Thoughts by our CEO, Anthony Rawlins
There are some amazing, passionate and enthusiastic causes out there. I know because, at Navigate, we work with some of them – the RSPB, Ocean Conservation Trust, Hawk Conservancy Trust, National Park Rescue - these organisations are doing really important work.
But for each organisation with a clear and coherent raison d'être, there are many more without. Which is a missed opportunity considering the incredible work so many of them do. It seems to me that what many of them lack is a robust, commercially-minded marketing strategy that explains what they do, why they do it, and why people should support them. And given many experts are pointing to a looming recession and the associated challenges for fundraising that come with it, it’s vital organisations can connect with audiences on an emotional level – having a strong purpose will really help.
So how do you go about communicating “purpose” effectively? Well, every organisation is different, but over the years we’ve developed a bit of a playbook to help our purpose-led clients navigate their way through good times and bad...
8 ways to become more fit for purpose...
1. Focus your message
Purpose or cause-led organisations typically have three or four key areas they work in. But this often leads to comms that are too broad and woolly to resonate with anyone new. It’s the same with ads that try to cram too much in and end up reducing the overall impact (see page 13). Instead, develop a single, focused unifying message that brings the threads of everything you do into one - why your organisation exists, and what it’s single-minded aim is.
2. Go for clarity, brevity and specificity
Of course, that means knuckling down to figure out exactly what’s so special or unique about your cause, so it instantly resonates with an audience unfamiliar with the good work you do. With the right research, analysis and creative, you can express your purpose in a simple yet powerful sentence or two. And use everyday language, or risk alienating your audience. Your purpose message also needs to be rooted in something both general and moderately specific to what you do, otherwise it will be soon forgotten.
3. Digital first and foremost
While the messaging is vitally important, there are equally important technical considerations regarding how people receive information about your organisation. Nine times out of 10, it’s going to be digital, because that’s the world we live in. And that means ensuring you have an effective digital customer journey to communicate your cause and convert people to it.
4. Go deep into the detail
Imagine somebody completely new to your cause lands on your site for the first time. They need to see your overall purpose front and centre. Then, it’s about guiding them through a one-way journey that encourages them to dig, discover, and digest as much information as they want to. And in our experience if they’re engaged, the deeper they’ll go, the more knowledgeable they’ll become, and the greater advocates they’ll turn into.
5. Act as a guide
Picture your website as a stately home. When visitors come through the front door (the home page), you tell them all about your purpose and cause. Then you guide them through the building on a sequential journey to specific rooms that they can explore at their leisure. It’s important each of these rooms follows a logical order, they build on the previous rooms, and also contain plenty of interesting information visitors will find engaging.
6. Repeat your blueprint
Apply this same narrative structure across all existing comms. So your sequential advertising and email marketing campaigns reflect your website journey and, taken as a whole, feel cohesive, coherent, and connected. For example, the first email recipients receive introduces your key message around your purpose, then the second email goes into the second door, the third email into the third door and so on.

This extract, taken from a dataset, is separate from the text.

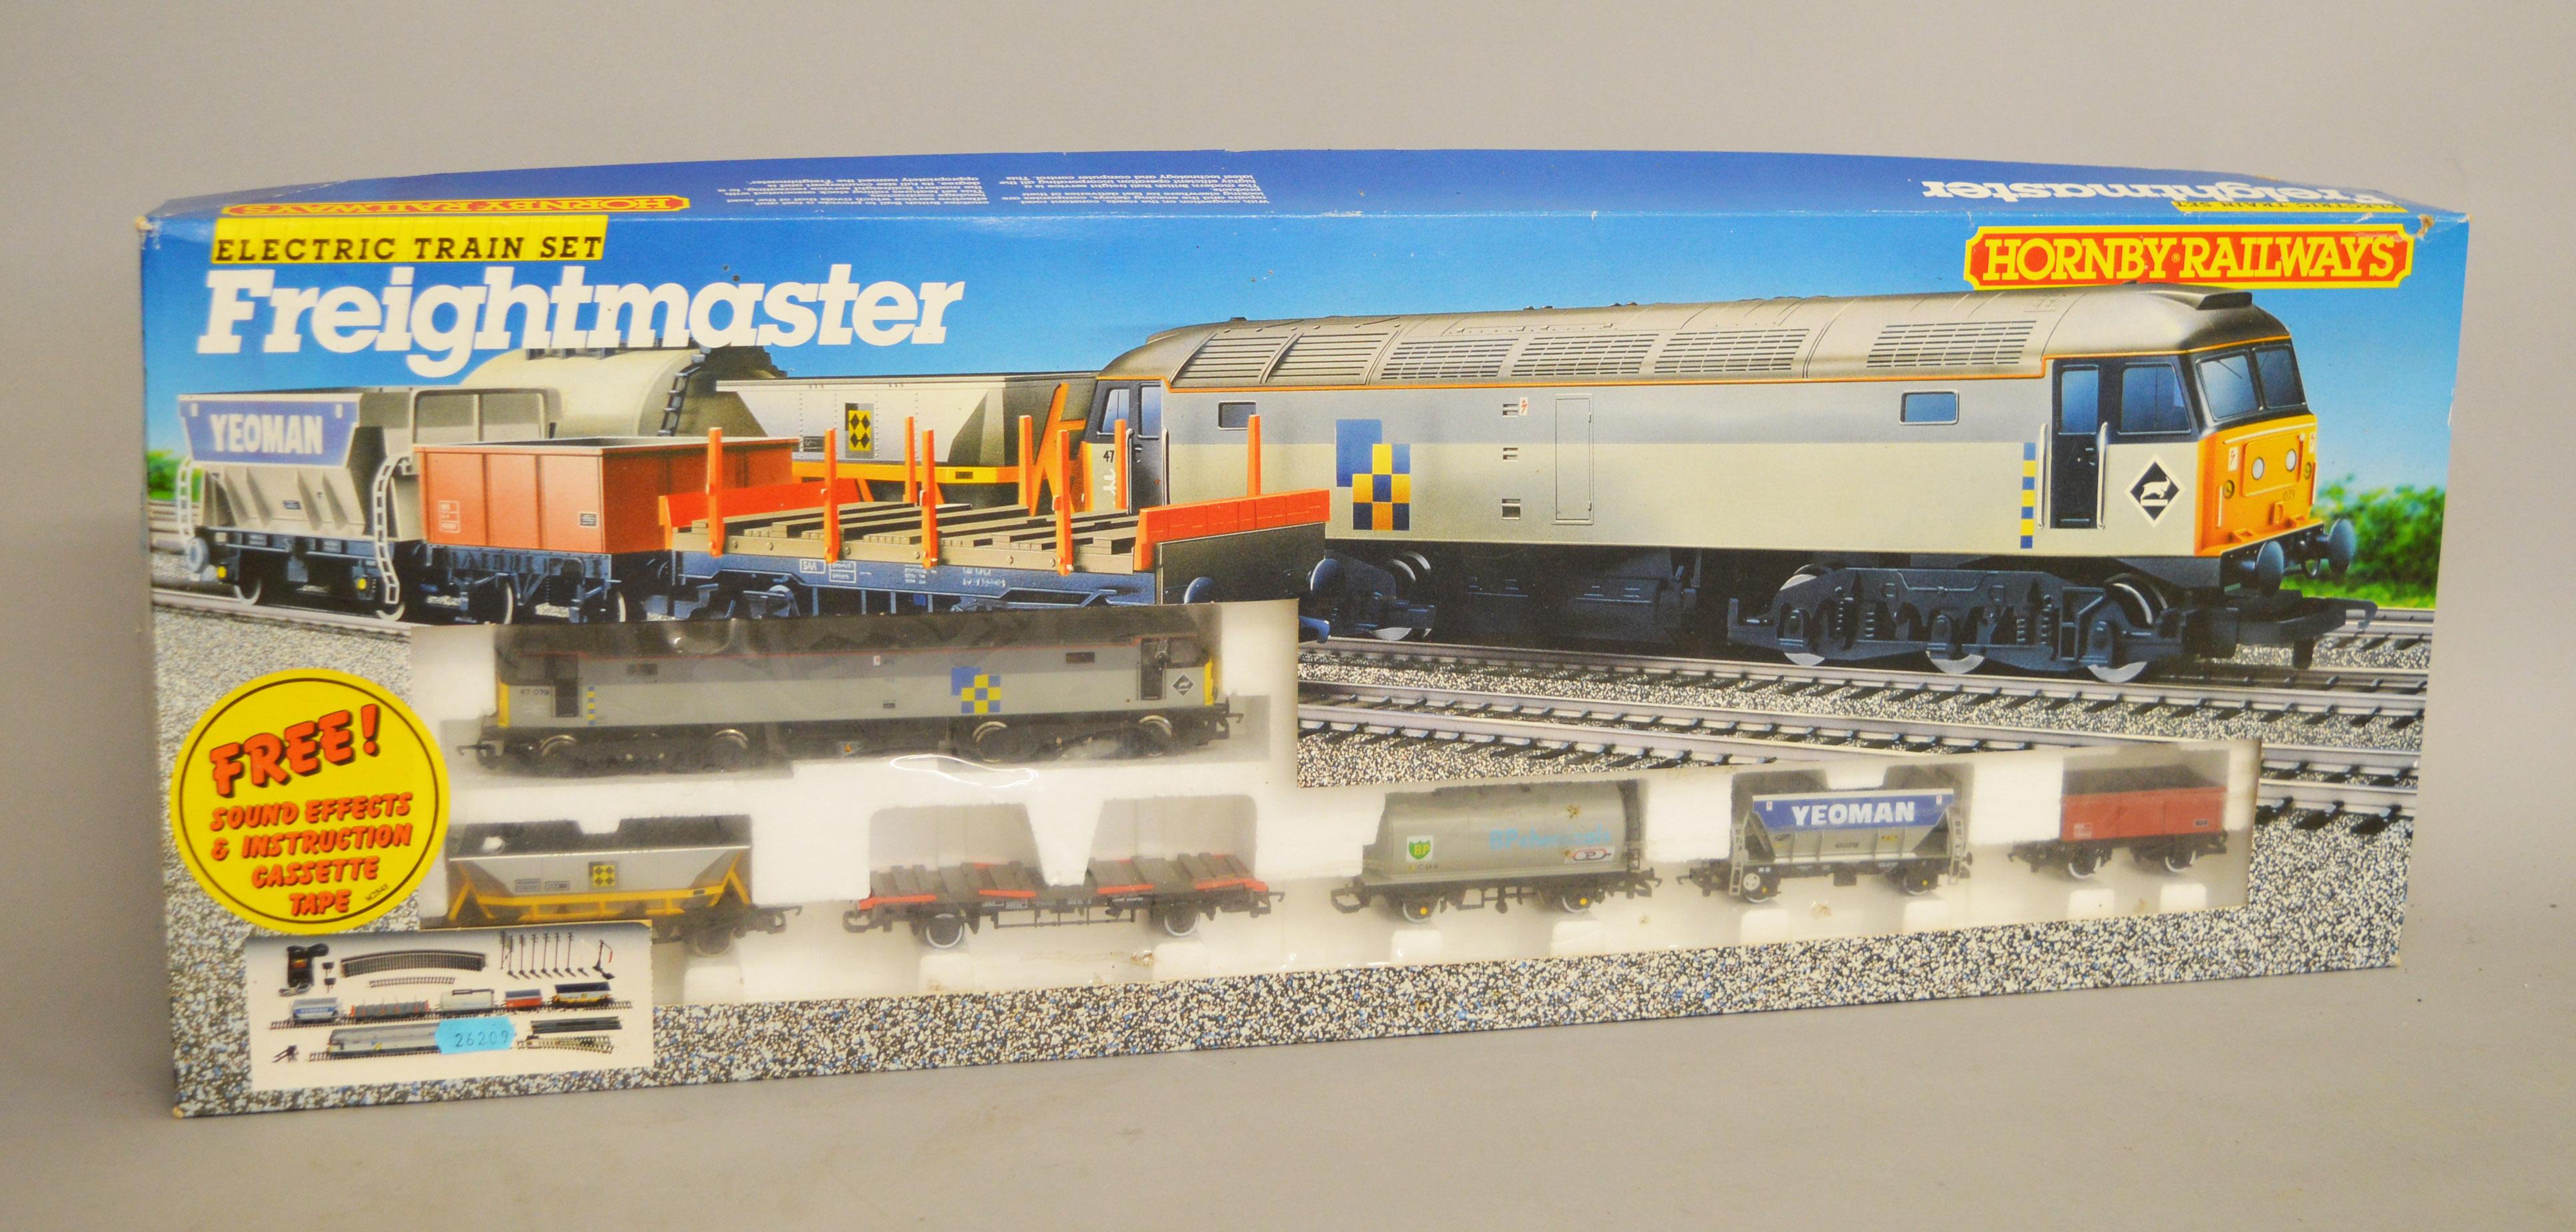 Lot 31 - OO gauge. Hornby R697 Freightmaster train set, comprising: Class 47 diesel locomotive; five wagons.

7. Hammer home the message
Reinforce your purpose – even if it feels counter-intuitive – on all your web pages, whether it's your home-page, your products and services page, your employee page, your news pages etc. In my experience, this comment applies more to commercial organisations, which often insert a “purpose page” that feels completely separate from the rest of their site. The trick here is to sprinkle your purpose at every opportunity to really make stick.
8. Test your purpose internally
Are you communicating it effectively to your own people? Is it simple for them to understand? Do they believe in it? Does the whole business understand your purpose or is it only sales or marketing? Your employees are a fantastic litmus test for how to communicate with your audience, so make the most of your employer-employee comms strategy. A case in point is Navigate. I know our new brand and purpose really resonates with our people, which tells me it will (and is) with our clients too.
Anthony Rawlins, Navigate CEO
I’ve spent the last 18 years honing my marketing and strategic skills in the travel, tourism and experience sectors. As an entrepreneur, I’ve also created several other companies to make the most of opportunities I see in our industry and the wider world of business.